3. The method according to claim 2, wherein the sorting the n ciphertext data according to the position of the sorting index corresponding to each element in the position vector to obtain n sorted ciphertext data includes:

4. The method of claim 1, wherein constructing a bias matrix from the third matrix comprises:

5. The method of claim 4, wherein updating column elements in the third matrix that represent equality between the first matrix and the transposed matrix, resulting in a fourth matrix, comprises:

6. A data processing apparatus, characterized in that the apparatus comprises:

the data sorting module is used for sorting the n ciphertext data according to the sorting index to obtain n sorted ciphertext data;

the index determination module includes:

the data sorting module is specifically configured to sort the n ciphertext data according to the corrected sorting index to obtain n sorted ciphertext data;

the index determining submodule is specifically configured to perform addition calculation on the second matrix in rows to obtain a first vector, where each element in the first vector corresponds to a sorting index of each ciphertext data in the n ciphertext data;

the index modification submodule includes:

7. The apparatus according to claim 6, wherein the data sorting module is specifically configured to sort the n ciphertext data according to a position of a sorting index corresponding to each element in the position vector, so as to obtain n sorted ciphertext data.

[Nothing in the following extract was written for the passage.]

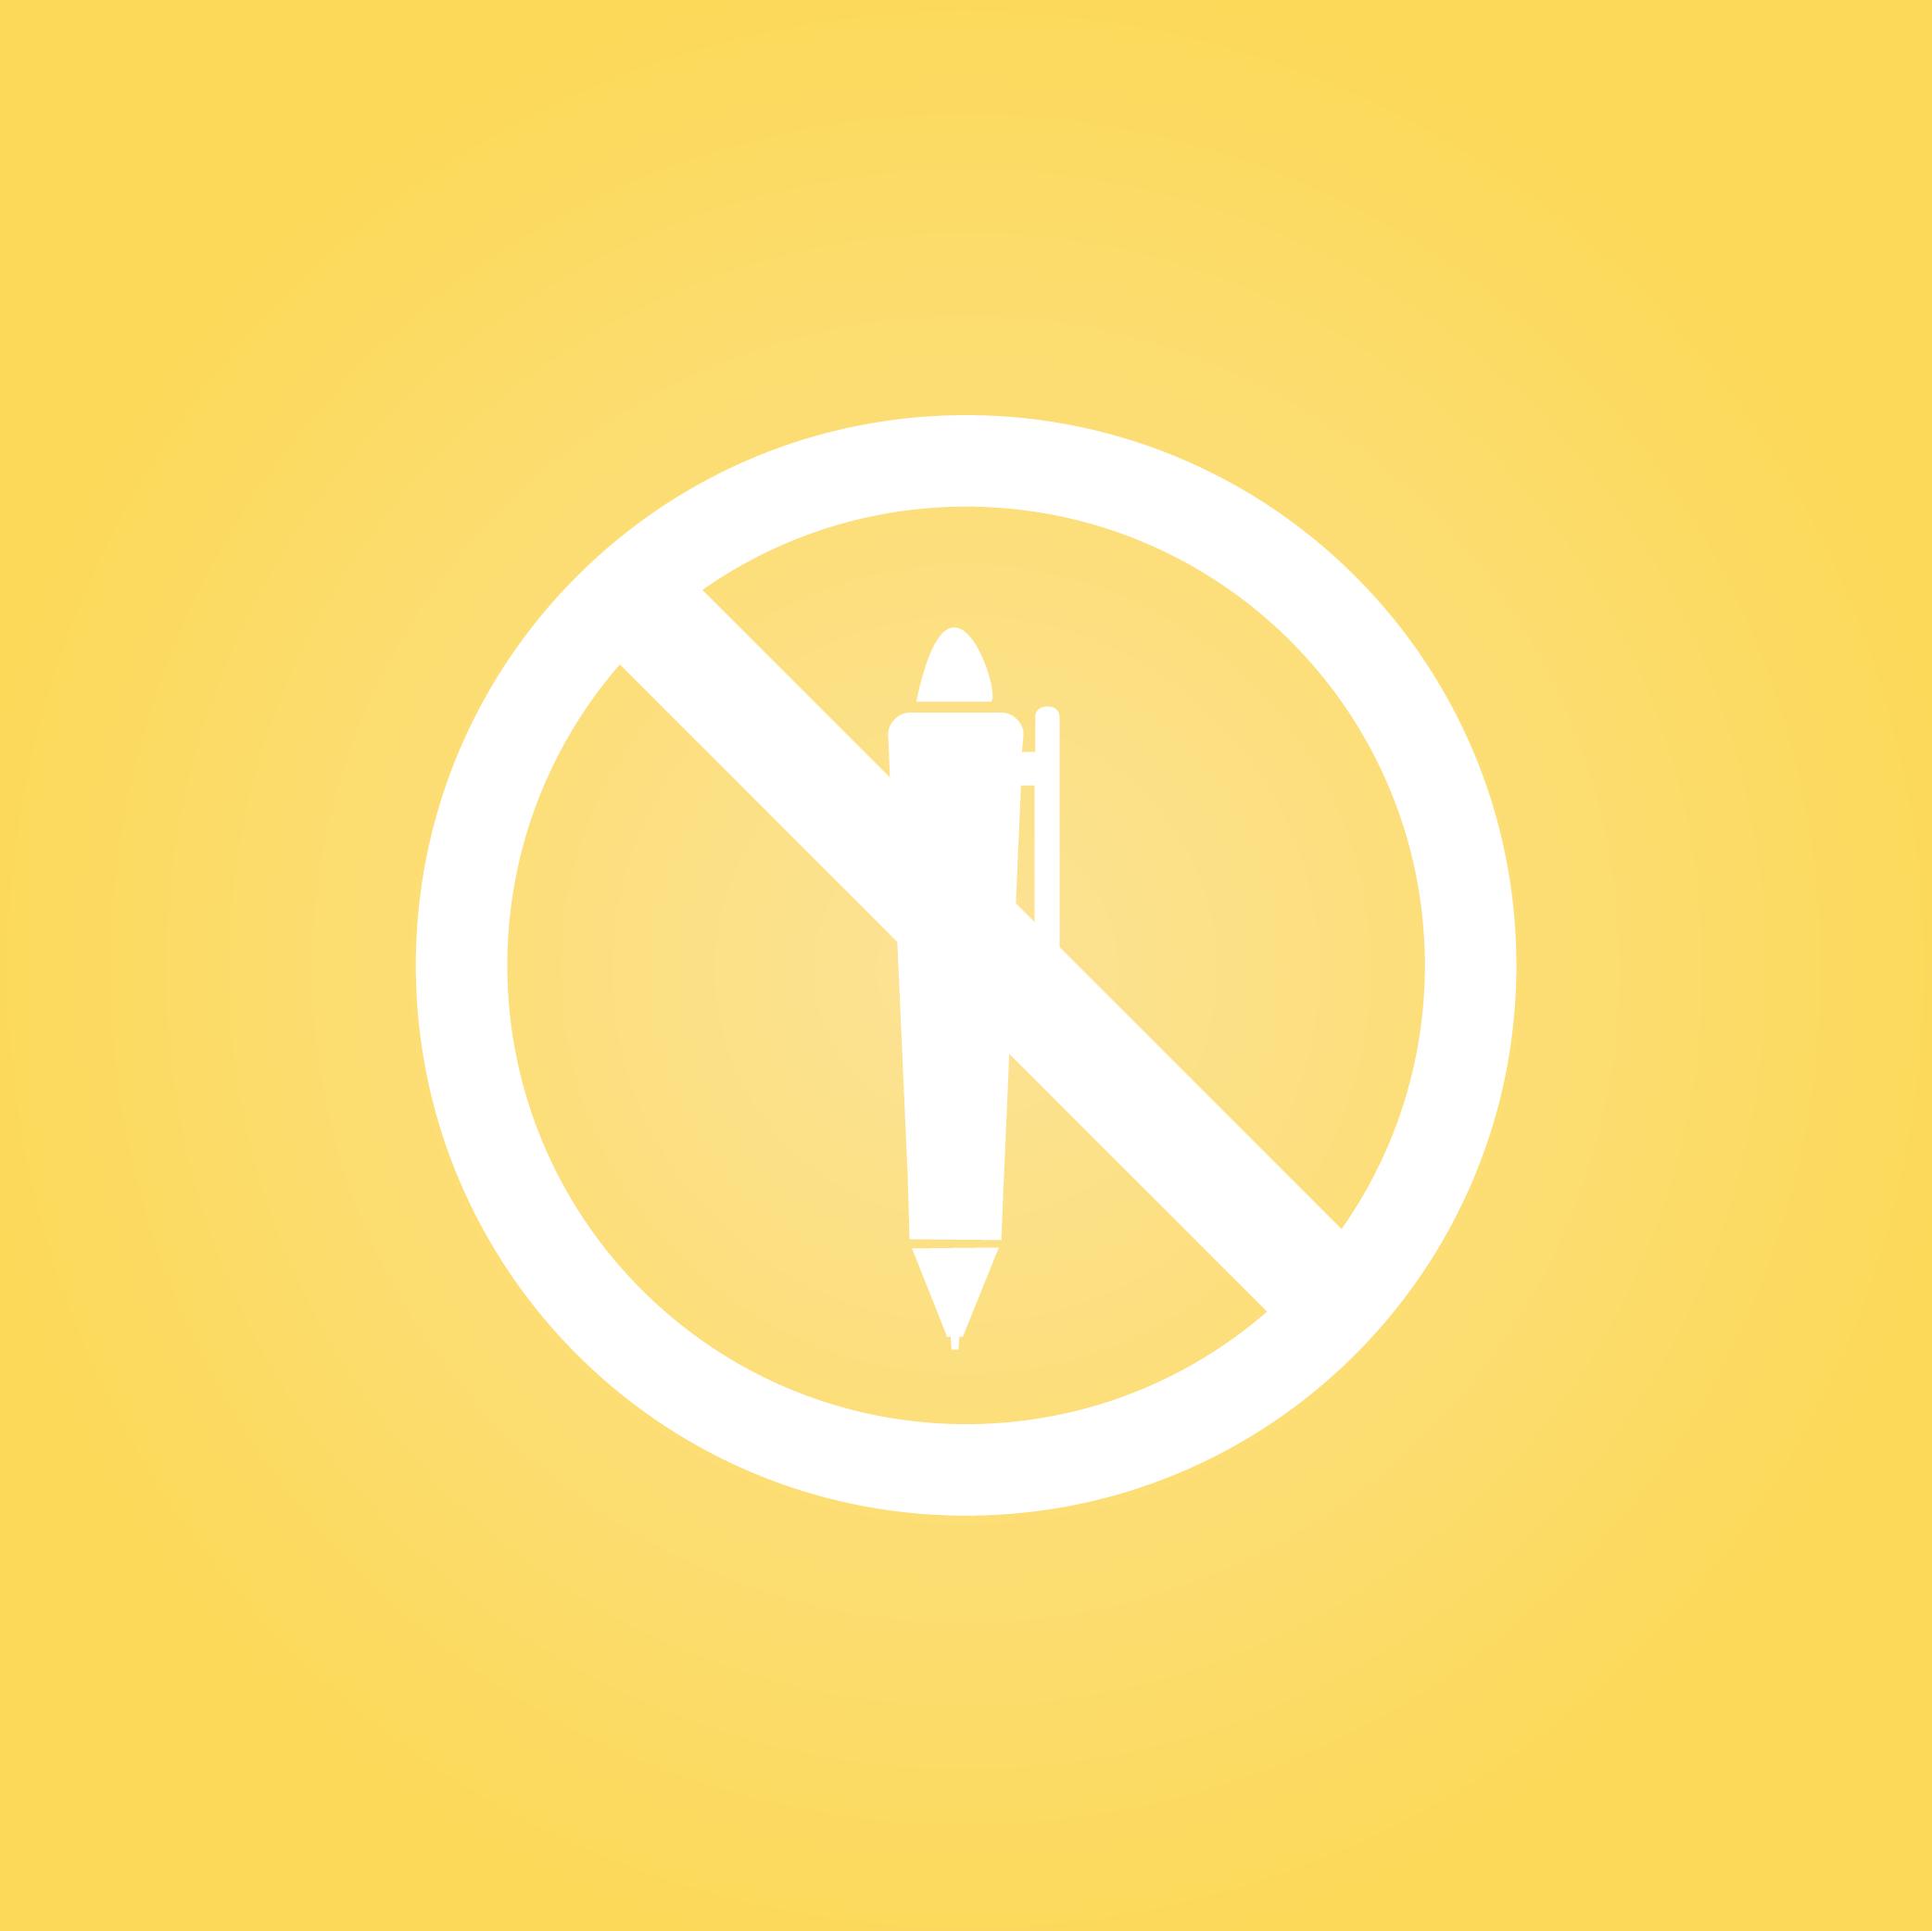 Copy_Buffs_copywriting_mistakes-01.png

8. The apparatus of claim 7, wherein the data sorting module comprises:

9. The apparatus of claim 6, wherein the bias construction unit comprises:

10. The apparatus according to claim 9, wherein the matrix updating subunit is configured to sequentially update the 2 nd column to the nth column of the third matrix from left to right, so as to obtain a fourth matrix; wherein, the matrix updating subunit includes:

11. An apparatus for data processing, comprising a memory, and one or more programs, wherein the one or more programs are stored in the memory, and wherein execution of the one or more programs by one or more processors comprises instructions for:

constructing a bias matrix according to the third matrix;

12. The apparatus according to claim 11, wherein the sorting the n ciphertext data according to the modified sorting index to obtain n sorted ciphertext data includes:

13. The apparatus according to claim 12, wherein the sorting the n ciphertext data according to the position of the sorting index corresponding to each element in the position vector to obtain n sorted ciphertext data includes:

14. The apparatus of claim 11, wherein the constructing a bias matrix from the third matrix comprises:

15. The apparatus of claim 14, wherein updating column elements in the third matrix that represent equality between the first matrix and the transposed matrix results in a fourth matrix, comprising:

16. A machine-readable medium having stored thereon instructions, which when executed by one or more processors, cause an apparatus to perform the data processing method of any of claims 1 to 5.